Tak lama setelah aku masuk dalam mall itu,
handphoneku berbunyi dan itu kamu memberikan kabar bahwa kamu sudah dinyatakan
lulus dan hanya sedikit revisi terhadap hasil penelitianmu. Sangat lega
tentunya kurasa, setelah pertemuan beberapa bulan terakhir yang di warnai
dengan diskusi dan pedebatan yang kadang membuat kita terlalu serius menghadapi
lembaran-lembaran yang isi nya terkadang terlalu ilmiah untuk diperdebatkan
dalam sebuah kedai kopi dengan mata
berinteraski hampir dalam setiap kalimat yang berbuah paragraph itu.
Tumpukan buku tebal yang penuh dengan teori kajian ilmiah membuat kamu dan aku
selalu observatif dengan tema penelitianmu. Bahkan aku belum sampai ditahap
yang kamu lalui, aku hanya mencoba membaur dan menyatu dengan teori-teori yang
pasti akan membosankan jika aku hanya mempelajarinya sendiri, begitu pun dengan
kamu yang pasti malas menyentuh buku-buku tebal hasil kajian ilmiah
sebelum-sebelumnya.
Pertemuan kita beberapa bulan itu membuat kita mengerti akan hal-hal yang tidak kita mengerti sebelumnya, teori penelitian, jurnal penelitian, dasar-dasar penelitian, kualitatif dan kuantitatif serta satu hal yang mengeinisiasi tanpa bantuan katalis masuk merusak sistem logikaku, hal itu adalah dasar teori nyaman dalam hati yang sebetulnya tidak ada dalam kumpulan kajian ilmiah ituaku masih dalam lamunan, di salah satu kedai kopi dalam mall ini. masih berangan-angan.
kemudian kamu datang depan mataku
senyum manismu menghampiri aku dan memecahkan lamunanku.
"aku udah lulus dong, kamu kenapa gak bilang ada disini.. chatku di cuekin coba"
"masyaallah aku lupa... maaaf maaf"
"ya udah yuk pindah tempat, aku sama papa tadi kesini, rumah pengujiku tadi deket sama mall ini, aku lihat kamu tadi duduk disini makanya langsung aku hampiri."
"wah kebetulan kalo gitu ya"
"yaudah buruan ayokk kita kesana"
aku dan indri menuju ke restoran sebelah kedai tempat aku melamun sedari tadi. sesampainya di restoran cepat saji itu, aku dipertemukan dengan papa indri. senyum orangtua paruh baya ini begitu menghangatkan dan terlihat begitu penyayang. indri yang merupakan anak sulung dan satu-satunya anak perempuan dalam keluarganya itu memang sangat dekat dengan papanya. kedekatan dan keakraban mereka sangat terlihat dari cara indri berbicara dengan papanya. begitu pun papa nya yang sangat memperhatikan indri. bahkan aku hanya bisa diam dan sangat canggung.

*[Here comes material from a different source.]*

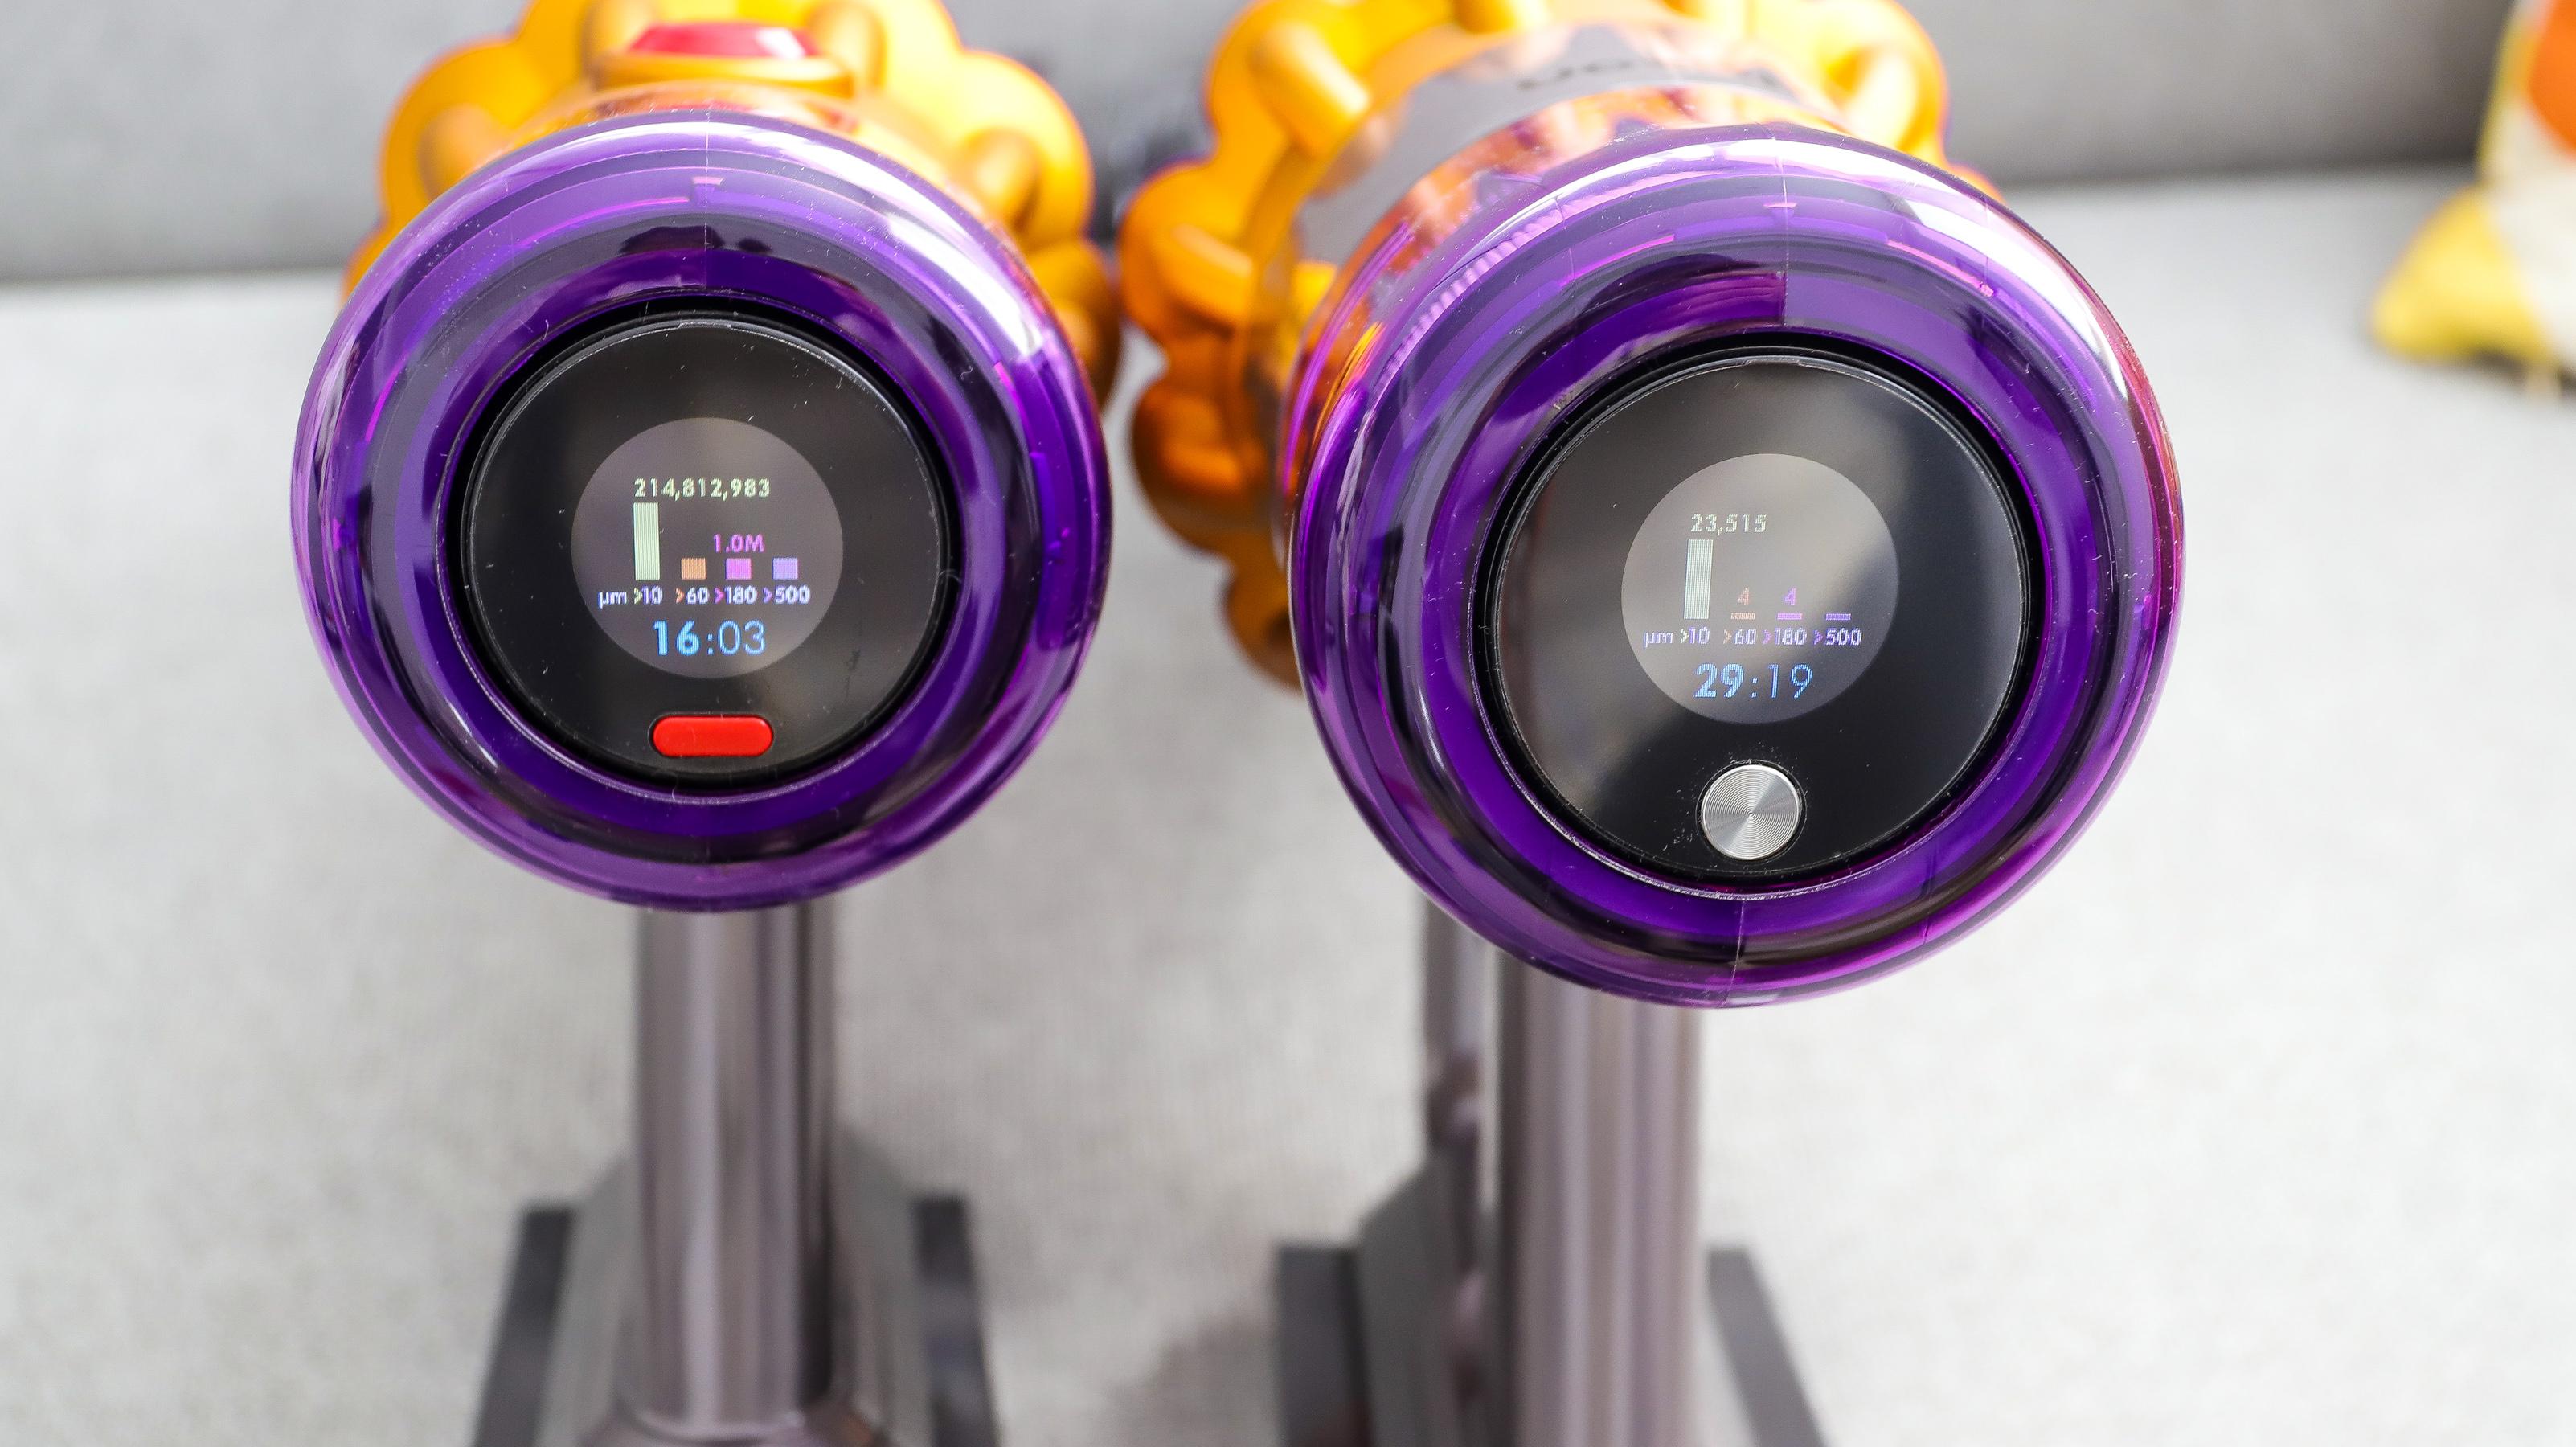 Dyson V12 Detect Slim and Dyson V15 Detect digital displays side by side

"pap, ini agus yang aku sering ceritain ke papa waktu itu, dia yang suka nemenin ndi kalo habis bimbingan pa"
aku pun mengelurkan tanganku untuk berkenalan dengan papa indri. senyumnya yang ramah itu menandakan bahwa keberadaanku tidak begitu mengganggu, dan akhirnya aku pun ikut makan bersama mereka.
selamat berjumpa minggu depan gais...
see yaaaaa...... :)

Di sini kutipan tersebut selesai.